Did Mrs. Orleans change anything practically? Did she get the boy out of his terrible physical predicament? No. But understanding alone made him see everything so differently. And that is the purpose of my book - to give people understanding that will make them feel differently. 
 

After tisha b’av there are seven weeks when we read in the haftara about the wonderful good that will come with the ge’ula (redemption). Those seven weeks are called “shiv’a dinechemasa” the seven weeks of consolation.  

Why is this consolation? Has anything changed on the practical level? We’re still in the same galus (exile). Reading about the redemption doesn’t do away with the problems of the exile. The answer is that just reading and thinking about the eventual ge’ula and all the good that will come with it, gives us the strength and joy we need to go on. Obviously there is comfort just in knowing that Hashem will change things and a great future is awaiting us. Particularly in this area, it helps women’s ahavas Hashem very much to know that Hashem wants women to be equal, and that in His ideal world, that’s how it is.  

On the other hand, taking the view that the curses of Chava will last as long as this world exists, (kiymey hashomayim al ha’aretz) is very depressing. I don’t see how this is going to comfort women.  

At any rate, that view is not in accordance with kabbalah which states that after the redemption everything will return to be as it was before the cheyt. And Kol HaTor states that everything that will be in the full redemption comes into the world little by little in our period (from the year 5500 onwards) growing stronger as time progresses.  As anyone can see, women really are becoming more equal. 

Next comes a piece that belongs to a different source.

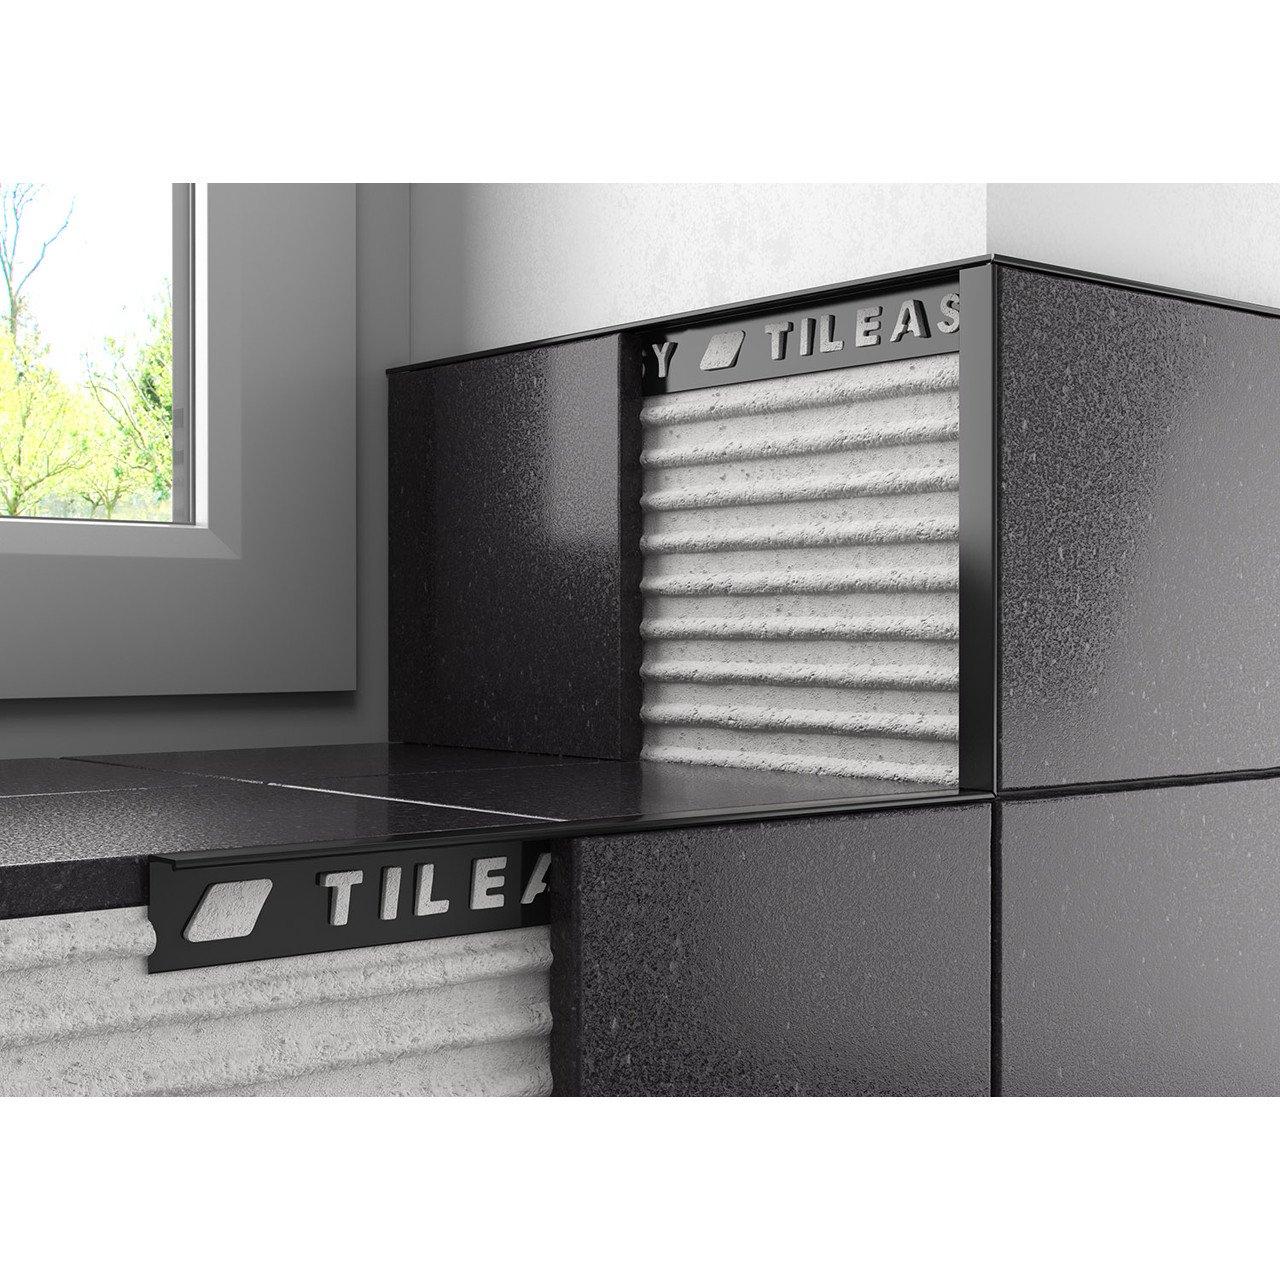 Tileasy 10mm Black Square Edge Metal Tile Trim Bat10 inside proportions 1280 X 1280

Chaim B. wrote: “...Moshiach cannot overturn dinim d’orayso that some find troubling...”.  

Kabbalah says otherwise. I already wrote about this in the response about Devorah Haneviah, but I’ll repeat it here.  

The medrash quotes Hashem as saying “Torah chadasha me’iti testse” - a new Torah will come forth from me (Vayikra Rabba 13:3). This is not a contradiction to the Rambam’s 13 principles of faith which say that there will never be a different Torah and this Torah will never be changed, because it will be the same Torah, meaning it will have the exact same letters in it, but according to kabbalah this means that Hashem will show us new meanings in the same words (see Notes 161 and 163 which quote the Tiferes Shlomo and the Sfas Emes on this subject).   

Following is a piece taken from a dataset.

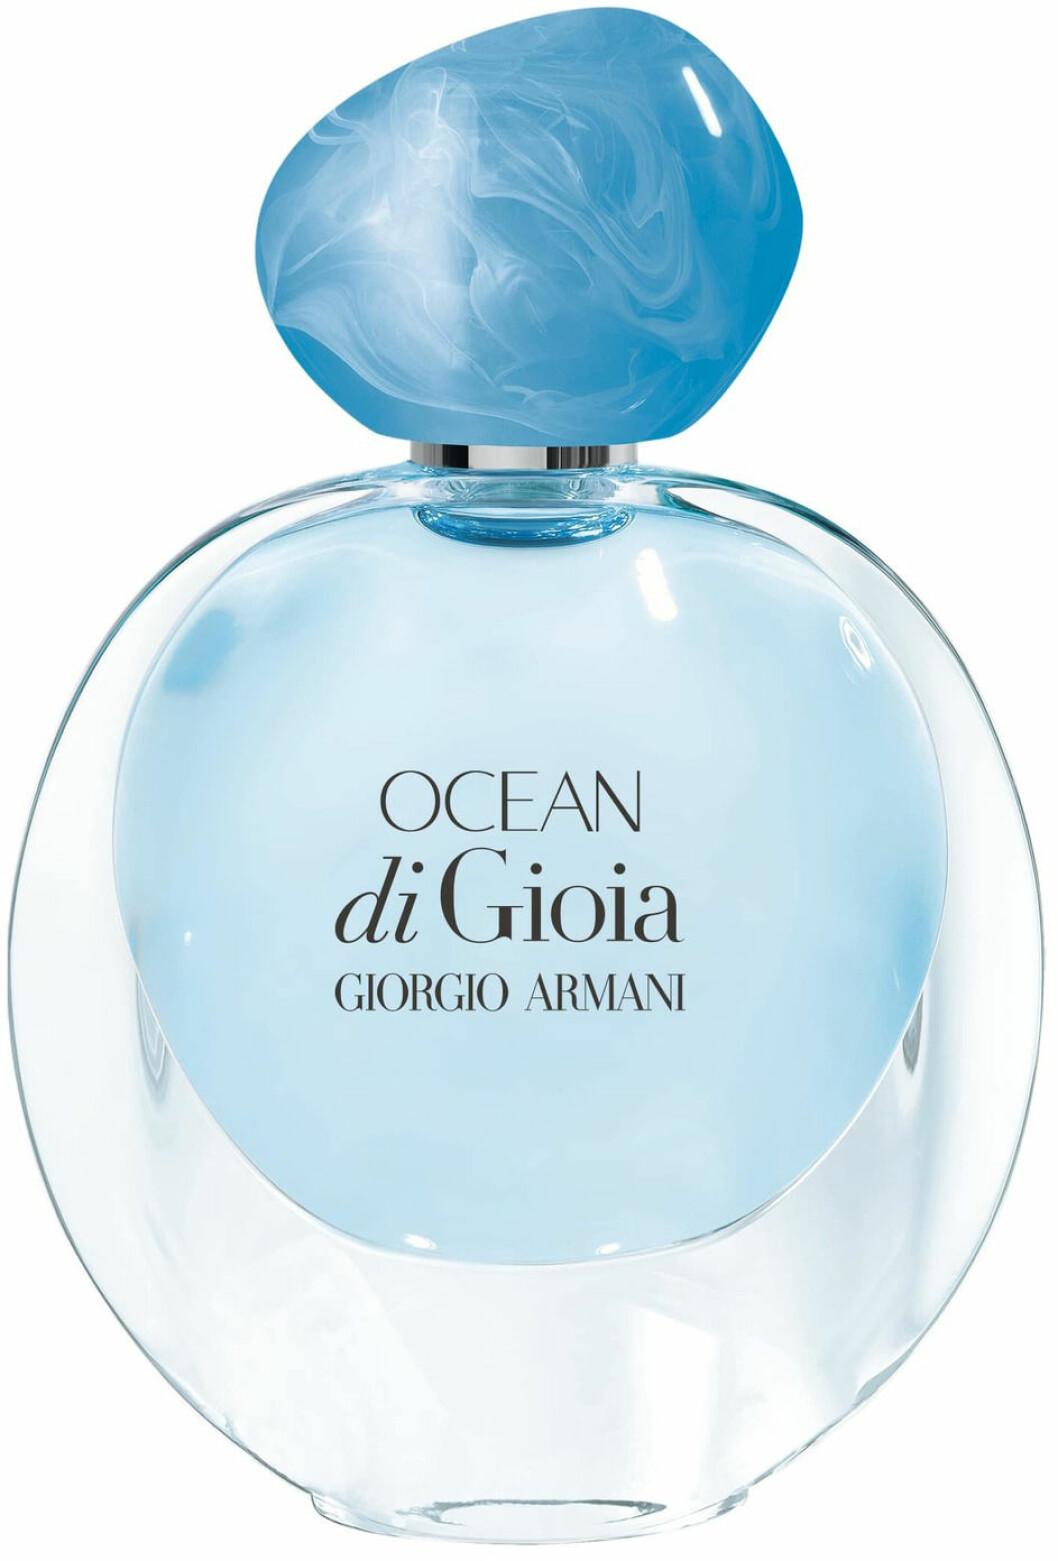 Ocean di Gioia från Armani

Practical halachos will change. The pig will become kosher in the future (Chanuka with Rabbi Nachman of Breslav P. 65 brings the source for this as “collection of sources, in Reb Chaim Palagi’s Nefesh Chaim”.)  The Ba’al HaTurim on Shmos 19:6 says that in the future every Jew will be a kohen gadol - something which is now strictly forbidden by Torah law (hazar hakarev yumas - Bamidbar 1).  I also heard that Moshiach will be able to make  mamzerim kosher for marriage (I’m sorry that I don’t know the source, but I think it’s mentioned in the writings of Breslov.) So why should one assume that halachos regarding women cannot change? Just as every Jew will become a kohen gadol because the sin(s) that prevented this will no longer exist (see Ba’al HaTurim ibid), so women will become equal with men because the sin that prevented  this will no longer exist. Since kabbalah says that women will become equal with men, (see the sources in The Moon’s Lost Light) it makes perfect sense that part of the Torah chadasha will be new laws regarding women. (The Moon’s Lost Light discusses the subject of Torah Chadasha on Pp. 54-56, explaining it at greater length.) 

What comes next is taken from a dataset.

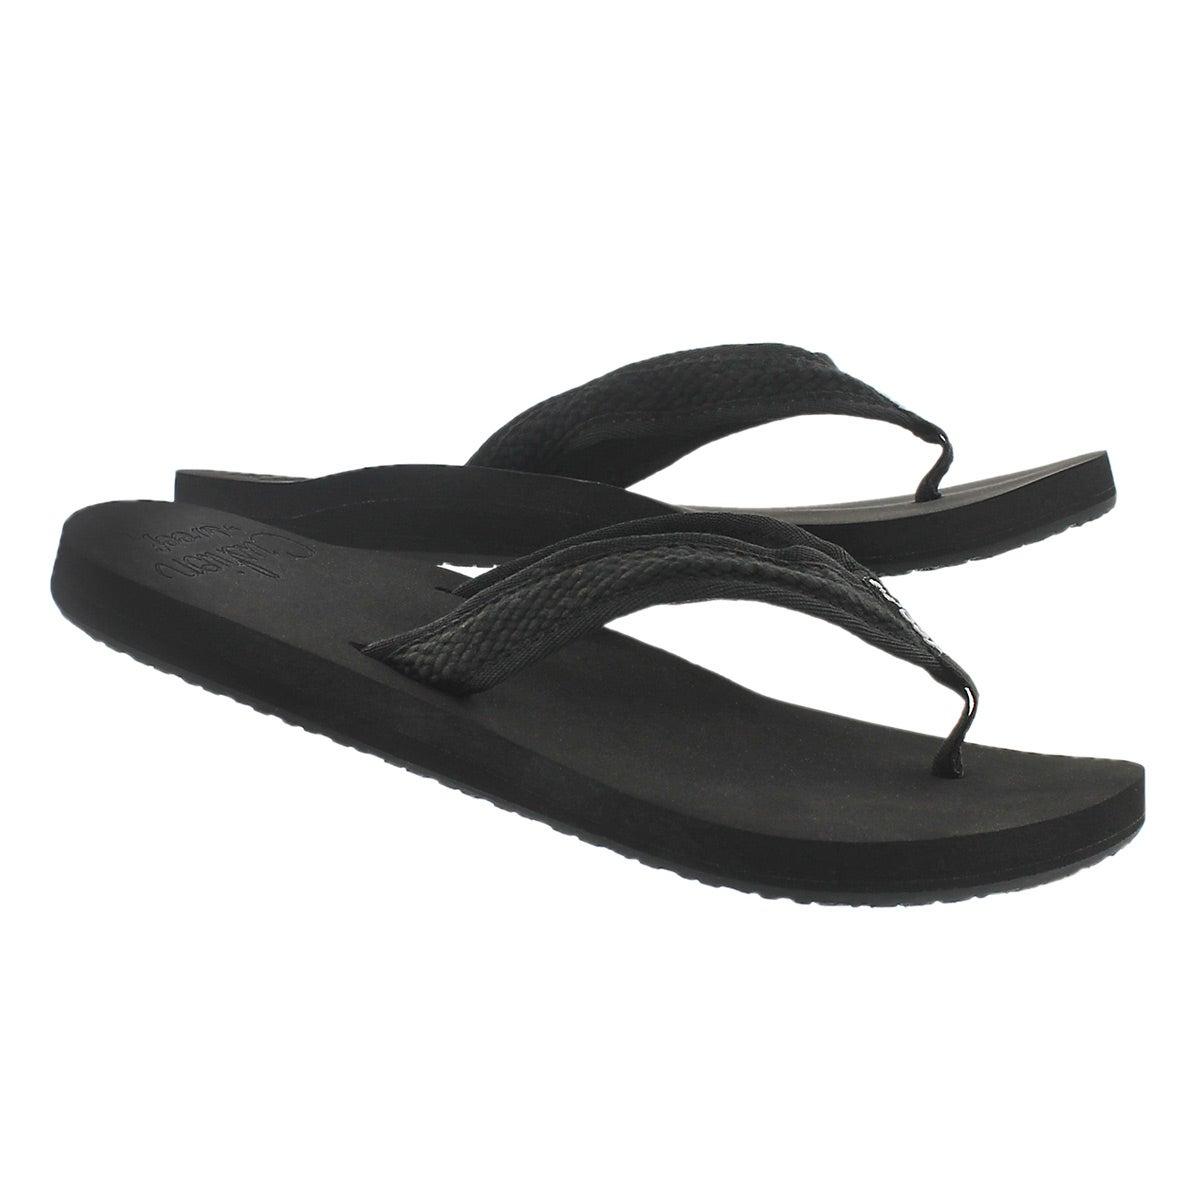 Lds Braided Cushion black thong sandal

Chaim B. also wrote that the Sanhedrin “may be today, IY”H or it may be in 1000 years”. Since the world was created for 6000 years and we are now in the years 5768, the Sanhedrin could not possibly be so far off. 

Chaim B. wrote: “Stripped of esoterics all you are in effect saying is ‘Wait until Moshiach comes and we will straighten everything out”.   

Almost, but it is not “we” who will straighten everything out, it is Hashem.

And it’s not necessary to strip esoterics, since I say this in the most forthright manner in the book. In fact, the climax of the book is a tfila for the coming of Moshiach who will return the moon’s lost light (women’s lost greatness).  

Years ago many people believed that by making an independent Jewish state they could save Jews from anti semitism. They didn’t want to hear “wait until Moshiach comes and he will straighten everything out”. They said “We are living here and now and need answers that work in today’s world.” So Hashem let them make a state. Did this solve our problems? Do the goyim hate us any less? Are we in any less danger?  Nearly everyone I know (including myself) knows of someone who was killed by terrorists - aside from the thousands of soldiers who were killed. Every time the government gives concessions for peace, things get even worse. And now we are in danger of nuclear attack by Iran, cholila. I am very, very happy to live in Eretz Yisroel, but the fact is, that there are some problems that can be solved only by the coming of Moshiach. Anti semitism is one of them. So is tikun cheyt Chava. Hashem is running the world, and He decides when the tikunim are up. We can’t do it without Him. 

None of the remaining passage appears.